A bit of cultural sensitivity may be coming to Army regulations about hairstyles, as the result of complaints by black lawmakers. Reports Politico:
The Pentagon is reviewing its hairstyle regulations for black women after the Congressional Black Caucus complained the Army had unfairly singled them out in new rules on soldiers’ appearances.
Defense Secretary Chuck Hagel sent a letter Tuesday to caucus chair Rep. Marcia Fudge (D-Ohio) and other members assuring them that no one in the Pentagon meant to “discriminate or disparage” black women in formulating the Army’s new rules.
Replied Fudge in a statement:
“Secretary Hagel has committed to careful review of each service’s language and grooming policies to ensure both are clear of offensive language and are respectful of the diversity within our armed forces,” she wrote. “The secretary’s response affirms his commitment to ensuring all individuals are welcomed and can continue to be proud of serving within our armed forces.”
The Washington Post reports that a White House petition against the policies gathered more than 10,000 signatures.
Short bangs, extensions and wigs are authorized under the regulations, which were released in late March. The fact that black women are still left with plenty of hairstyle choices was not the point, however. As Politico reported:
What Fudge and her colleagues objected to was the way the Army’s rules described the way black women may and may not wear their hair.

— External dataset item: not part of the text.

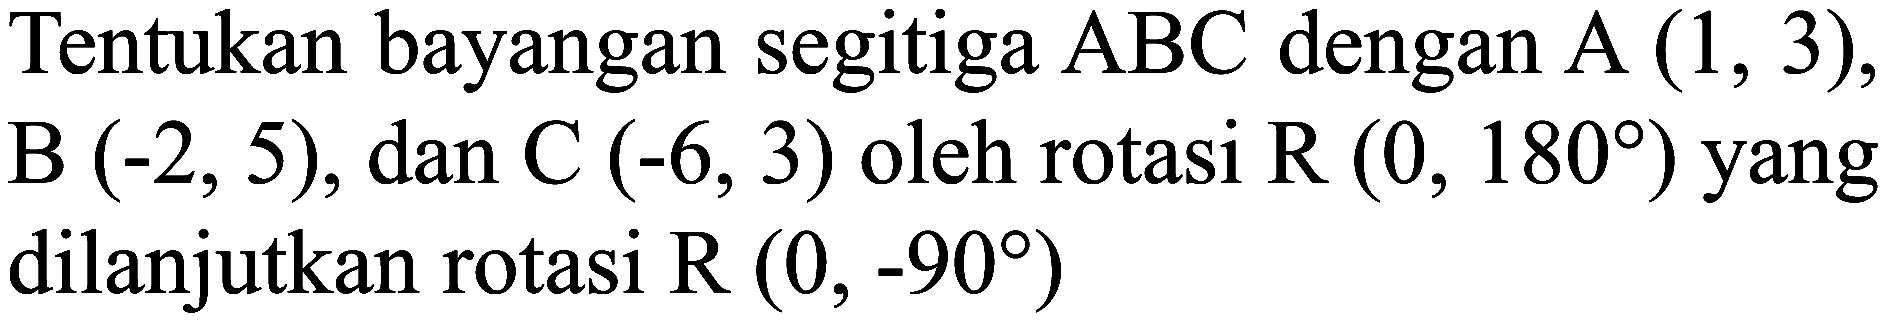 Tentukan bayangan segitiga  ABC  dengan  A(1,3) ,  B(-2,5) , dan  C(-6,3)  oleh rotasi  R(0,180)  yang dilanjutkan rotasi  R(0,-90)

“The use of words like ‘unkempt’ and ‘matted,’ when referring to traditional hairstyles worn by women of color are offensive and biased,” Fudge and her colleagues told Hagel this month. “The assumption that individuals wearing these hairstyles cannot maintain them in a way that meets the professionalism of the Army standards indicates a lack of cultural sensitivity conducive to creating a tolerant environment for minorities.”